- _What is being asked_
A faithful, picture-free copy of the listing below is required.

- _Recorded information_
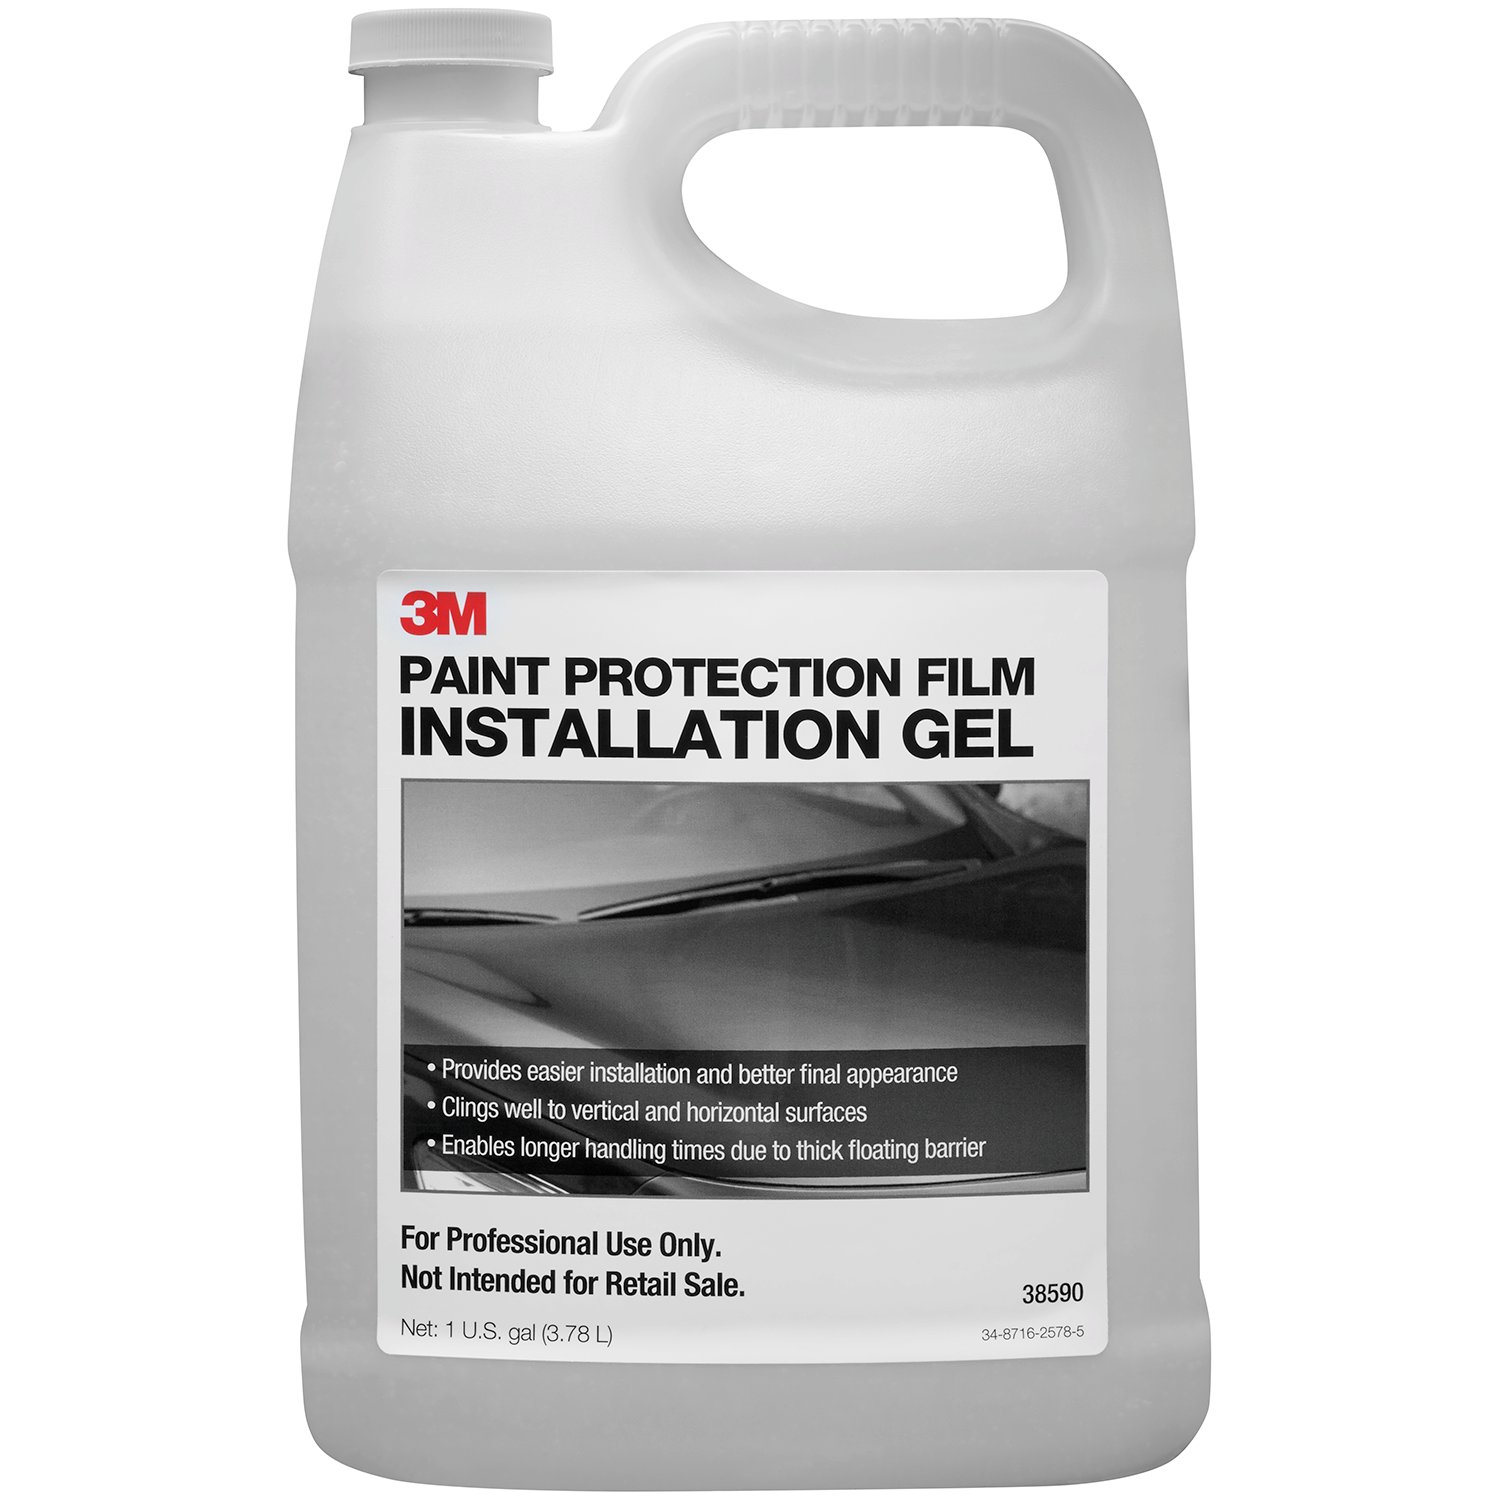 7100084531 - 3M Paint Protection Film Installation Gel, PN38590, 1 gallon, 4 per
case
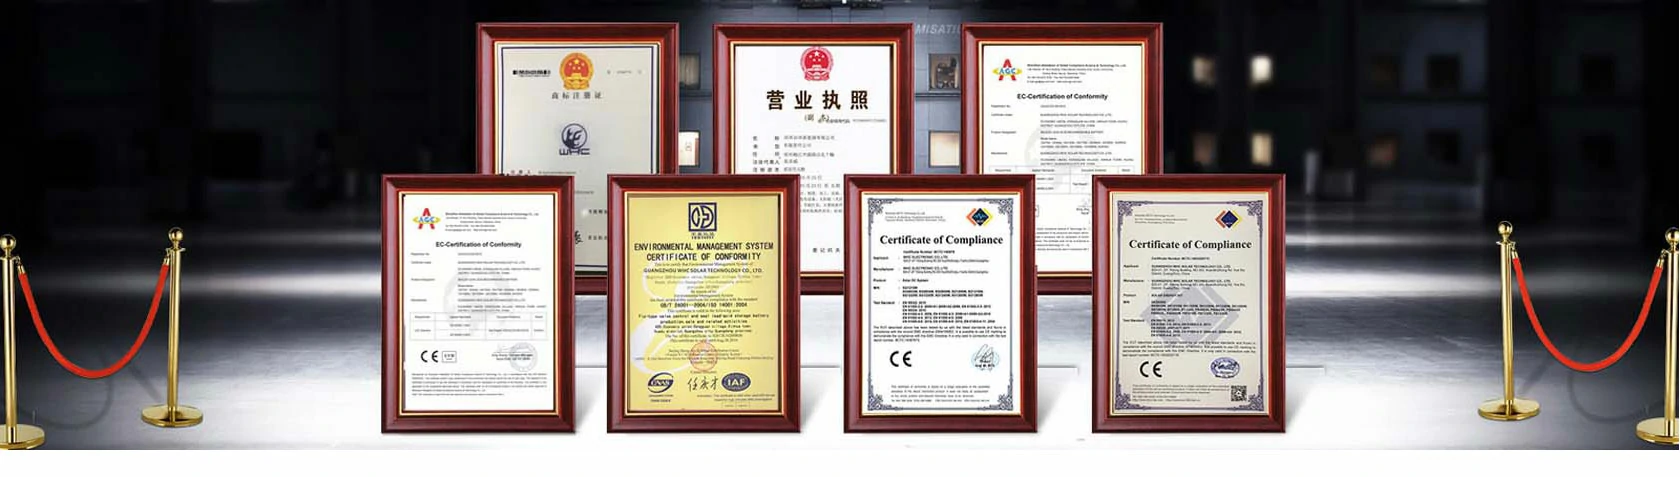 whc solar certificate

- _Expected answer_
 7100084531 - 3M Paint Protection Film Installation Gel, PN38590, 1 gallon, 4 per
case
 whc solar certificate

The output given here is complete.